This question is answered by International Harvester Co. v.
Ruckelshaus, 478 F.2d, 615, 632 n.51 (D.C. Cir. 1973). In Footnote 51,
the court stated:
As we have stated in an analogous context of rule-making
proceedings before the Federal Communications Commission, where
petitioners have argued that the Commission was ``changing the rules
in the middle of the game'' when it took into consideration factors
not specifically indicated in its Section 4(a) notice under the
Administrative Procedure Act, 5 U.S.C. Sec. 1001(a), ``[s]urely
every time the Commission decided to take account of some additional
factor it was not required to start the proceedings all over again.
If such were the rule the proceedings might never be terminated.''
Owensboro On the Air v. United States, 104 U.S. App. D.C. 391, 397,
262 F.2d, 702, 708 (1958); Logansport Broadcasting Corp. v. United
States, 93 U.S. App. D.C. 342, 346, 210 F.2d, 24, 28 (1954).

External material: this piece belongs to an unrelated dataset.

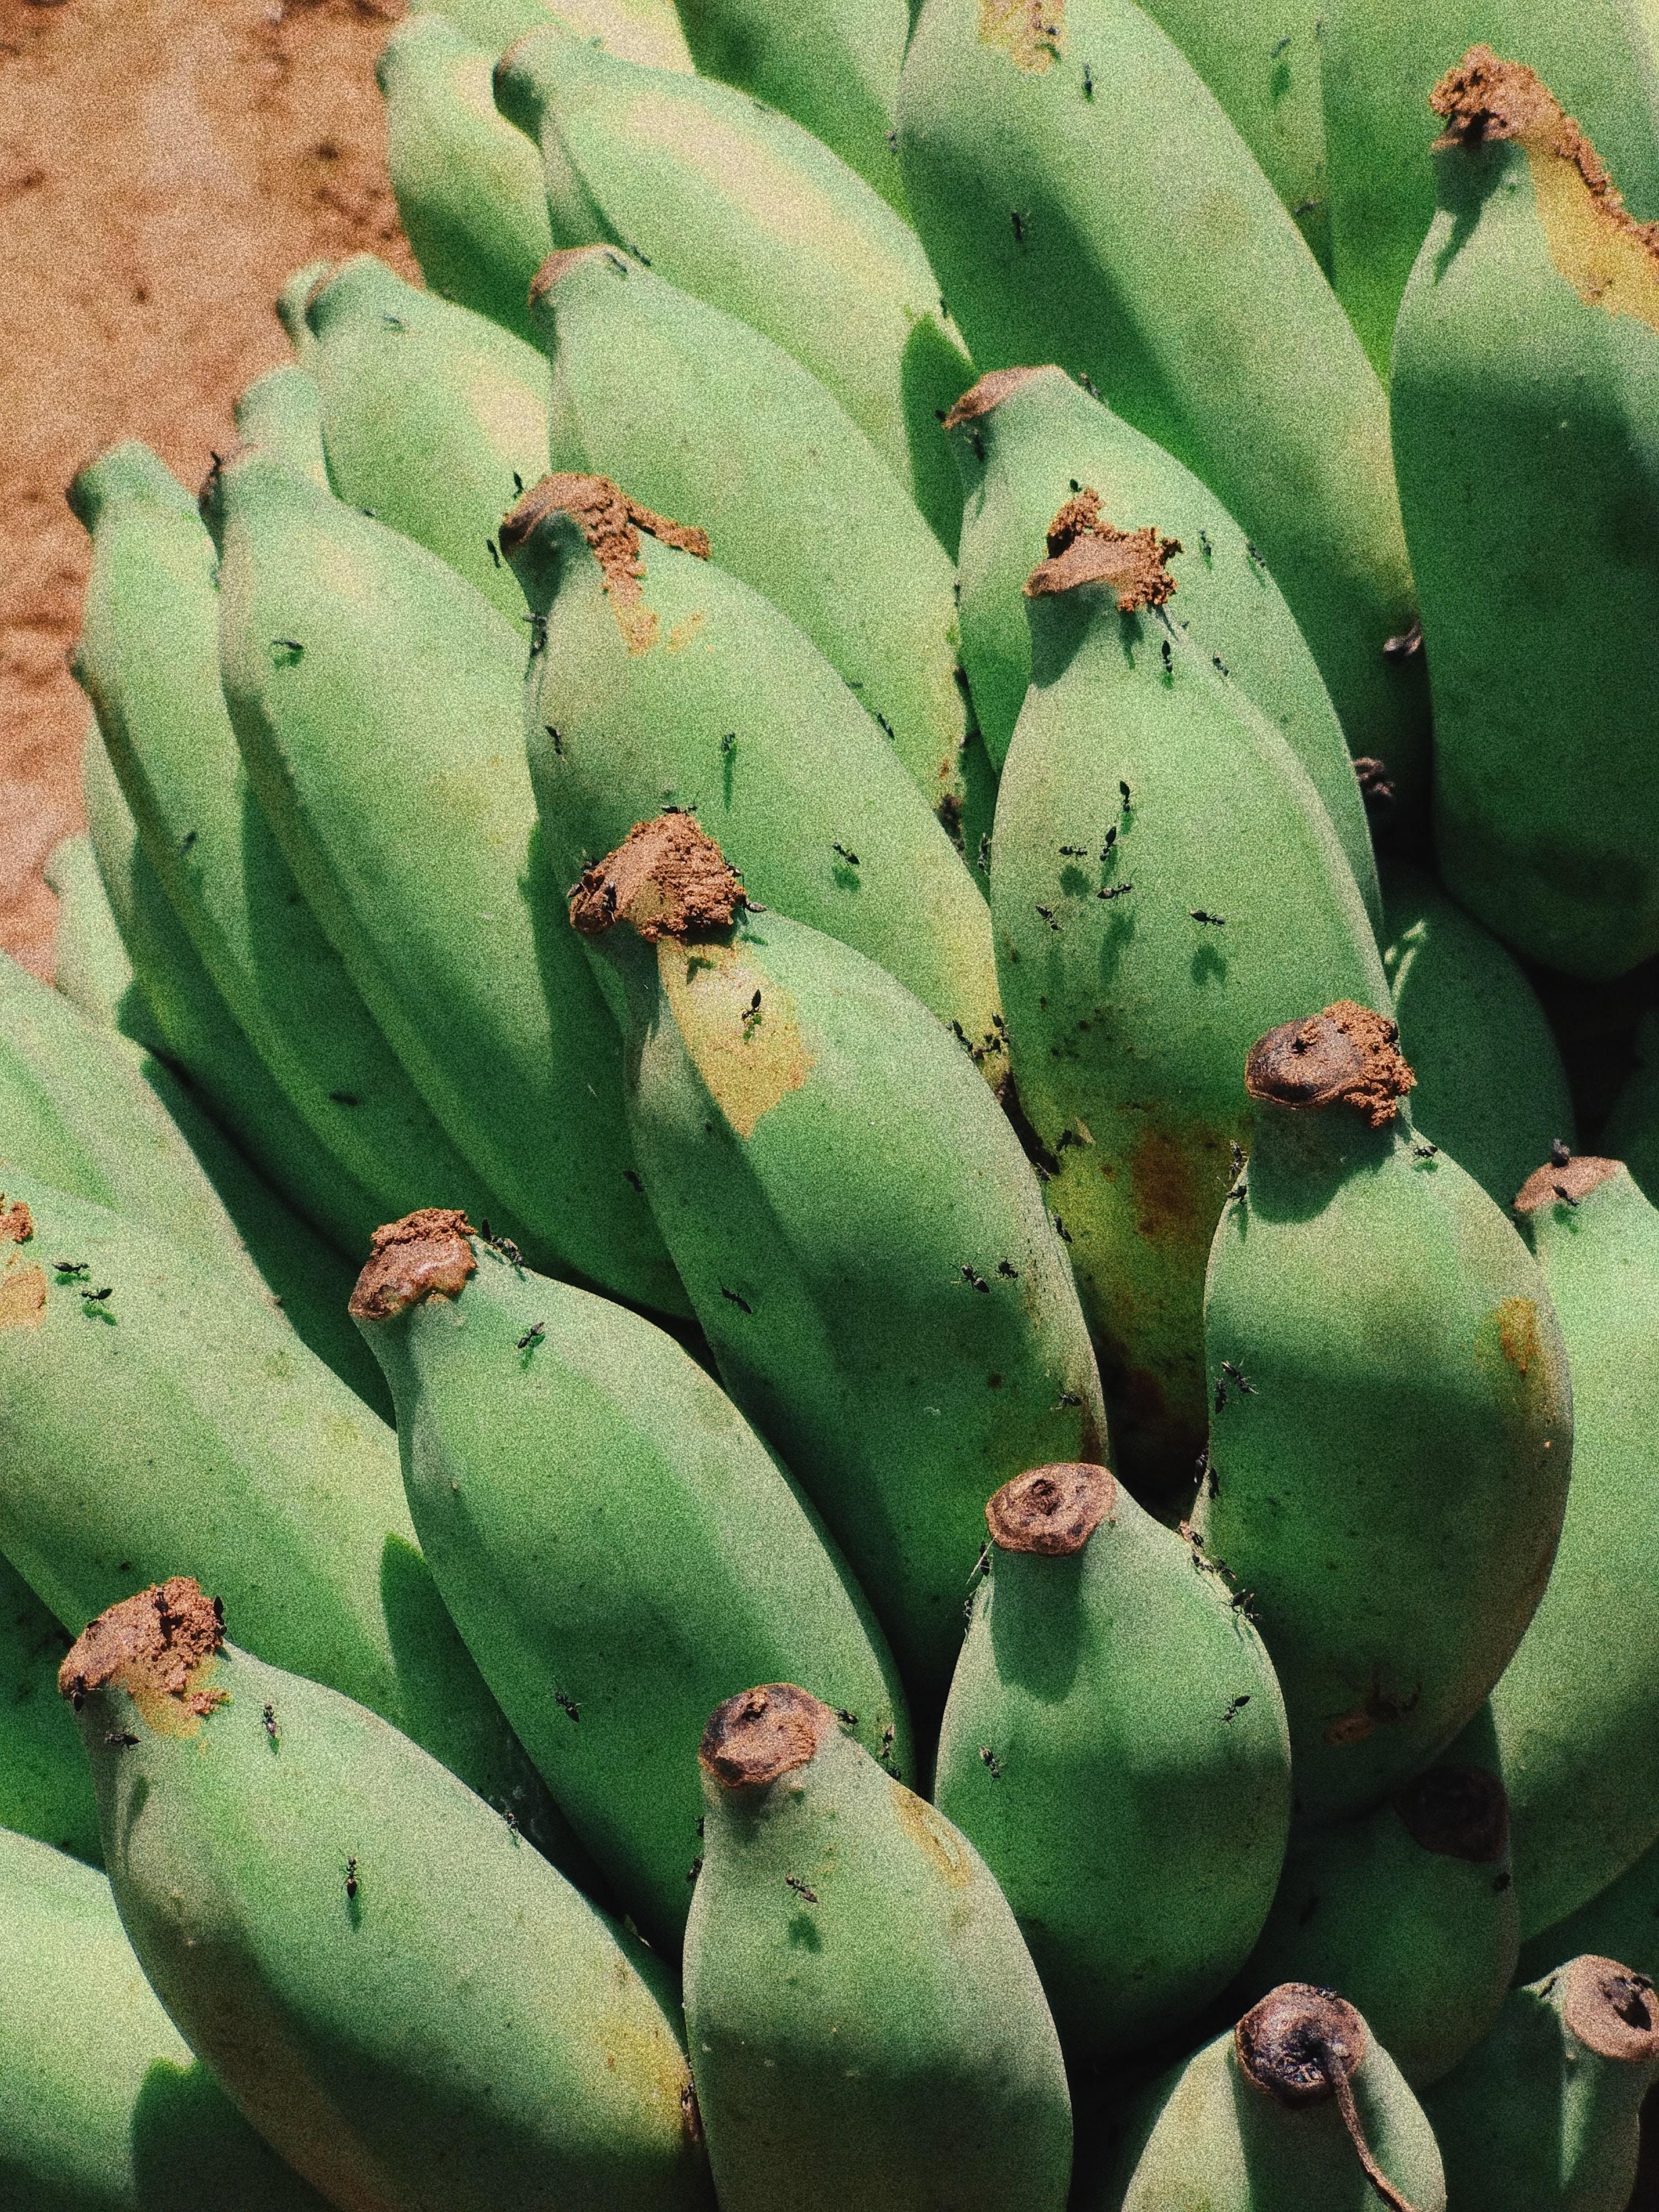 hand of green banana

Thus, the agency need not have mentioned the specific factor on which
it ultimately relied in the proposal as long as the basic issue
remained the same, which it did.
In the nutrient content claims proposal, FDA was raising the
question of whether particular statements are appropriate to be made as
nutrient content claims for food products. With respect to one such
statement, ``Useful Only in Not Promoting Tooth Decay,'' several
comments were received in support of, and one comment in opposition to,
retention of this statement as part of the ``sugar-free'' claim. FDA's
decision was that this statement was not a nutrient content claim.

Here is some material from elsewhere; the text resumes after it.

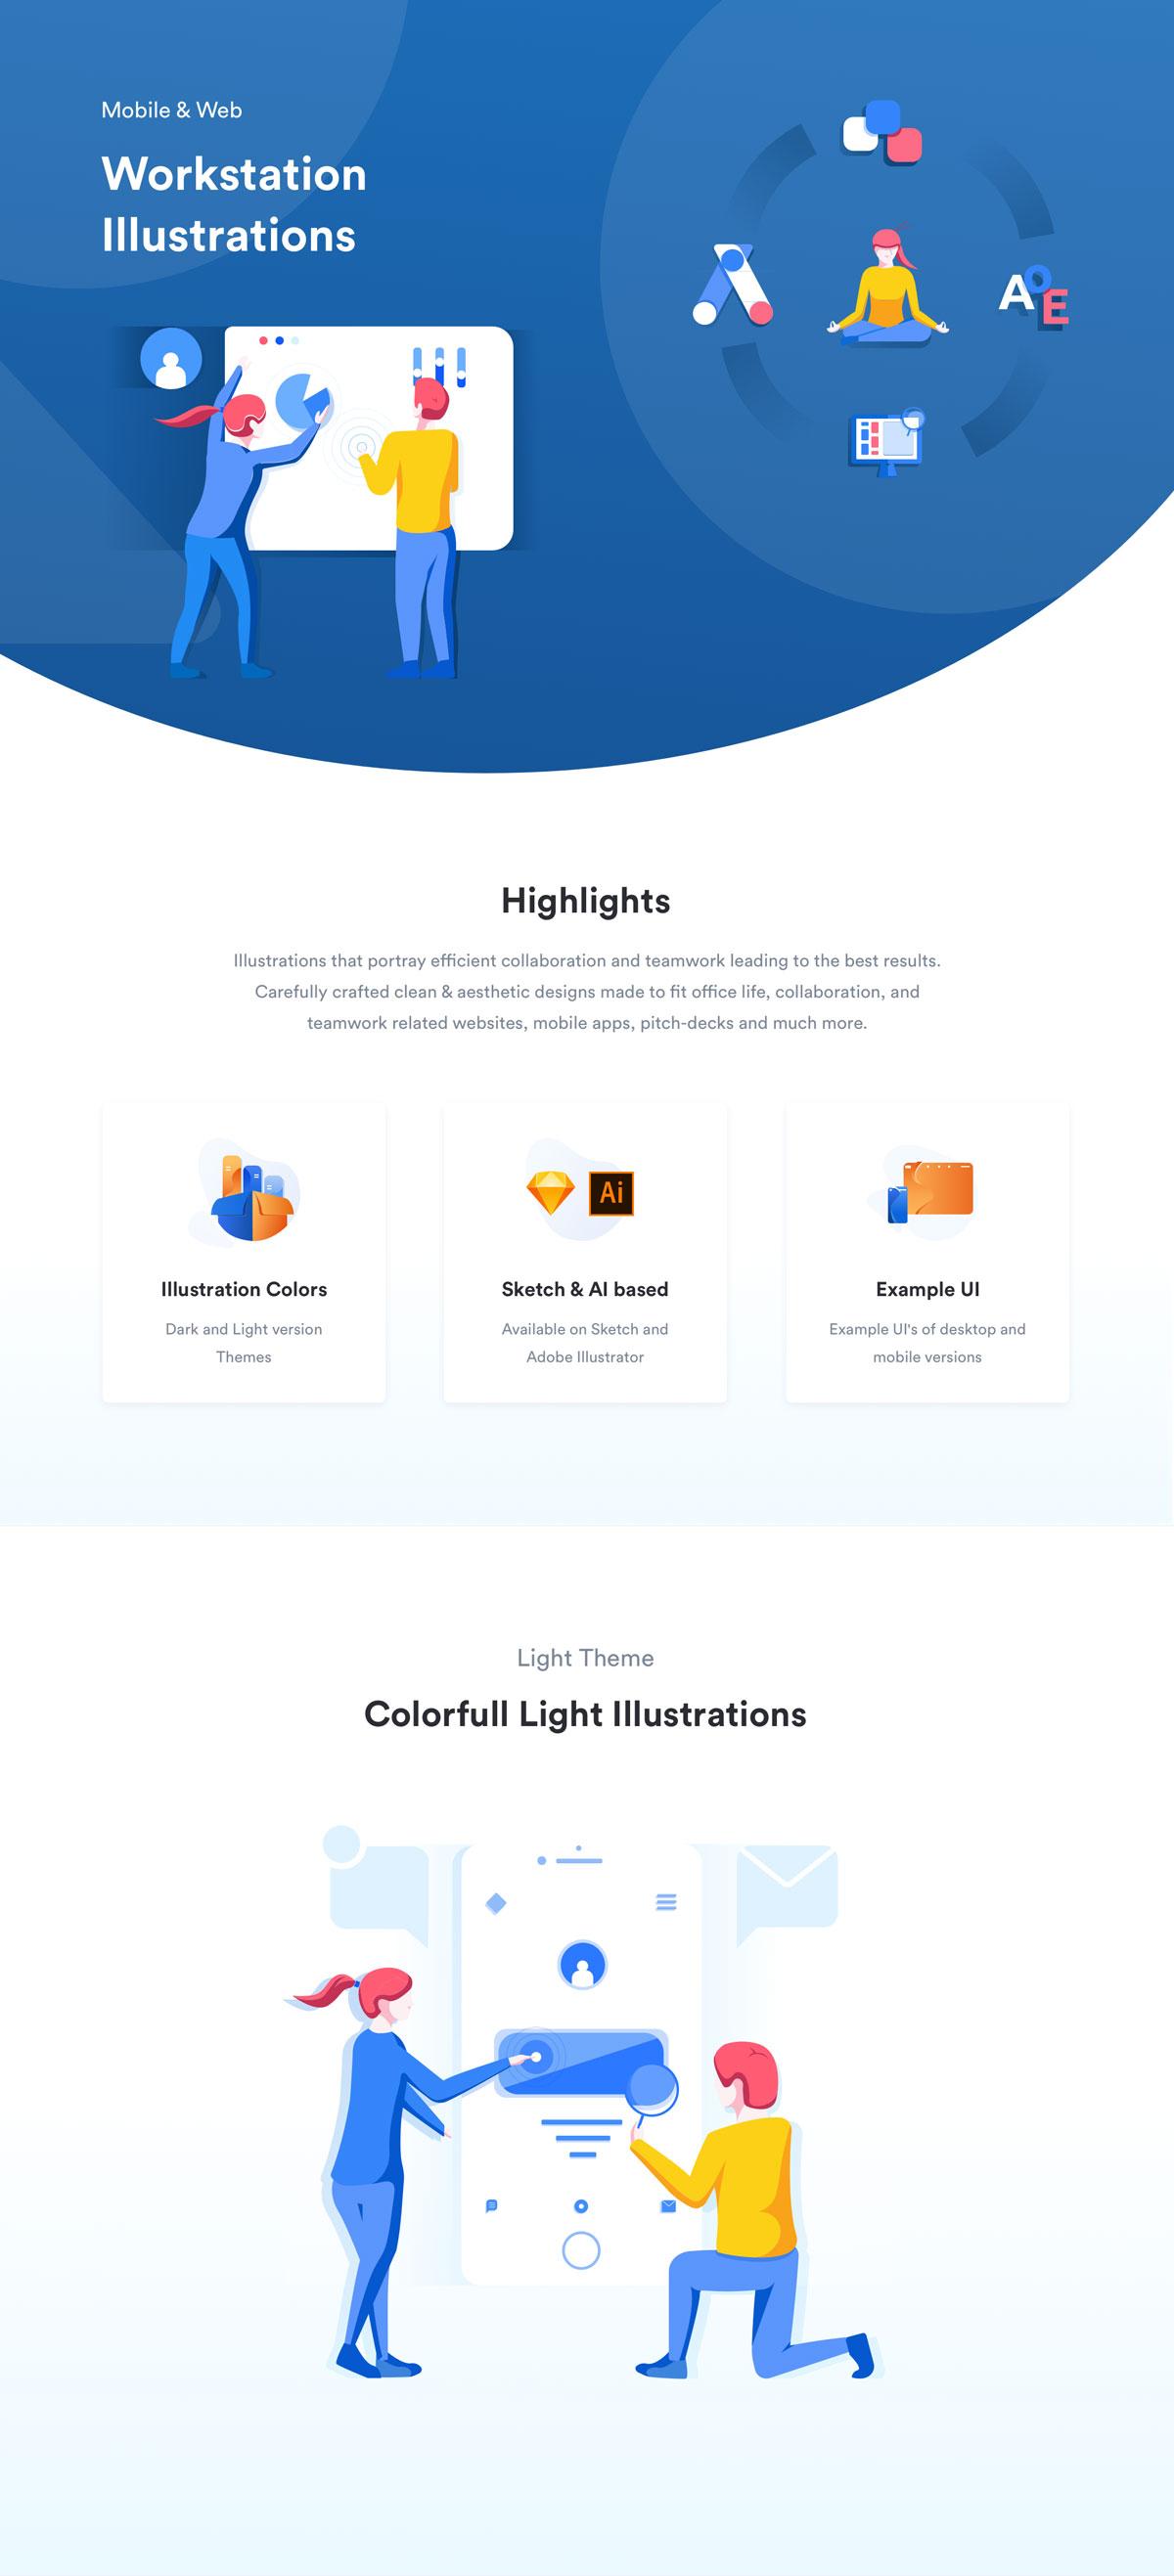 精心设计的团队合作和协作EPS矢量插图 Teamwork & Collaboration Illustrations插图(7)

Thus, the objectors' arguments that an adequate notice and opportunity
for comment were not provided, and that the final rule was not the
logical outgrowth of the proposal, are without merit.
2. In arguing that the agency had not provided adequate notice and
an opportunity for comment, one objector referred to a statement by the
agency concerning the persuasiveness of data in supporting the
noncariogenicity of sugar alcohols (polyols) that appeared in the final
rule entitled ``Food Labeling: Mandatory Status of Nutrition Labeling
and Nutrient Content Revision, Format for Nutrition Label''
(hereinafter referred to as the ``mandatory nutrition labeling final
rule'') (58 FR 2079 at 2099). The firm also pointed to other statements
made by FDA in reference to health claims and its intentions regarding
sugar alcohols that the objector claimed evidenced that FDA's action
was motivated by doubts about the validity of the ``Useful Only in Not
Promoting Tooth Decay'' claim.
Nowhere did FDA say, as the objector implies, that it became aware
of new data casting doubt about the noncariogenic properties of sugar
alcohols. What the agency did say was that it wanted to ensure that the
statement continued to be valid. It is clear, however, that the
agency's final action on the ``Useful Only in Not Promoting Tooth
Decay'' statement was not motivated by any concern about the continuing
validity of the claim. It was based solely on the legal conclusion
about the status of the claim that the agency reached after
reconsidering whether to continue to provide for use of the statement
in light of the comments that were submitted (see 58 FR 2302 at 2326).
Thus, the objector's argument that there was no suggestion that FDA had
become aware of new information casting doubt on the noncariogenic
attributes of sugarless products is simply beside the point.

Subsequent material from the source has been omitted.